Returning to psychic phenomena, we must always ask the question, "Which is more logical? that a Medium is communicating with someone's dead relative? or that the Medium is relating things he learned from other source, or, for that matter, is simply saying something comforting and the client is subconsciously attaching significance to it?" No Medium has ever produced statistically significant result under properly controlled conditions. Watching psychic mediums at work on television almost always reveals their methods to anyone paying attention.
More often than not, the Medium starts with something vague, and that would likely apply to a fair number of the people in the audience. Receipt of a message from someone whose name begins with "R," for example. In a room holding a couple hundred people, someone is going to have a recently deceased relative named Robert, Roger, Rachel, Richard, Reinhardt, Rose, Ruby, or some other "R" name. The audience member supplies the actual name, and the Medium then tells the audience member that he's correct, it's from that person.
This is basic cold reading. The audience member actually supplies most of the information, while the Medium continues to throw in vague comments that his victim will only remember later if they prove to be correct. If the victim fails to provide sufficient feedback, the Medium is unable to give it back to the victim, and eventually will end up saying that the spirits are being reticent that day, or that conditions aren't conducive to psychic transference, or some such twaddle.
Psychics do have one thing in common with most clergy. Either they are deliberate frauds, or they have succeeded in deluding themselves that what they are delivering is actually true. There is, after all, zero evidence that consciousness continues after physical death. "Near death" experiences cannot be entered into evidence, for their very name categorizes them as living experiences. "Near death," after all, means "not dead yet." Dreams seem entirely real while we're experiencing them, and what is more natural than for someone who believes he or she is dying than to dream about an afterlife?
Still, the experience is created in one's own brain, and nothing truly suggests that we are capable of experiencing anything once the brain stops functioning.

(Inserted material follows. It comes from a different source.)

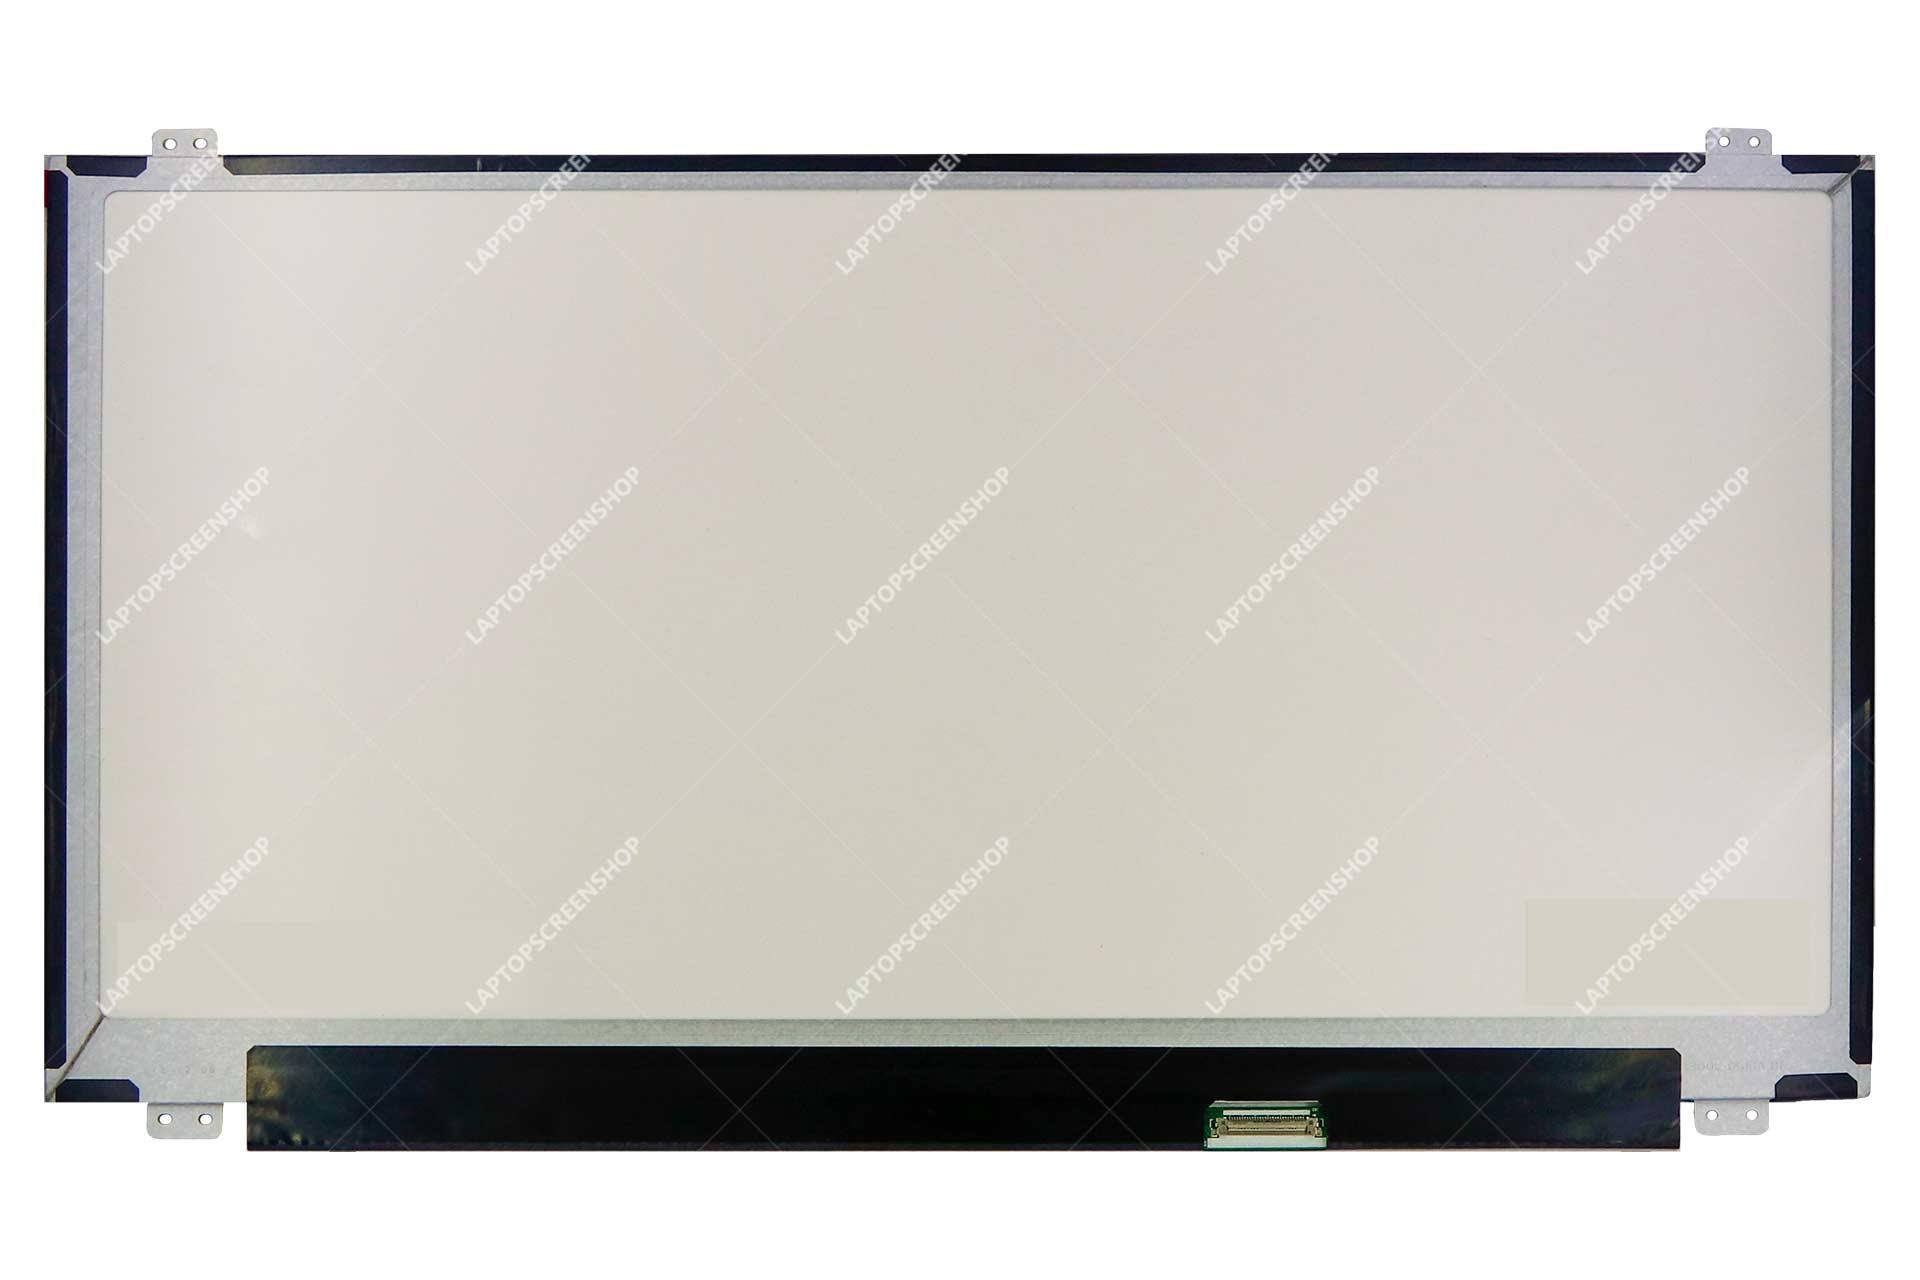 LENOVO-IDEAPAD-Z510-59400195-LCD  FHD فروشگاه لپ تاپ اسکرين   تعمير لپ تاپ

No one has ever actually died and then returned to life to tell what the experience was like. Lots of people have almost died and related their dreams and hallucinations, but no one has literally died and come back.
Perhaps the best thing is to recognize that death will be no more unpleasant than were the 13.72-billion years each of us spent not existing before we were born. It's virtually impossible for a human being to imagine not existing, because none of our conscious memories can be formed before our brain starts to function, and we won't retain long-term memories of anything until three or four years after that. Our entire consciousness has been spent existing. Even if we recognize that the end will simply be oblivion, we somehow can't help feeling we'll be conscious of not being conscious.
On the bright side, the one thing that's almost certain about dying is that the majority of us will never realize that it's happened. We'll just lose consciousness and never regain it. We'll be no more aware that we've died than a glacially-deposited boulder in the middle of a creek realizes that it's wet. We won't see our long-gone family members, but we won't be conscious of not seeing them, either.
Looked at philosophically, discarding belief in an afterlife makes actual life far more significant.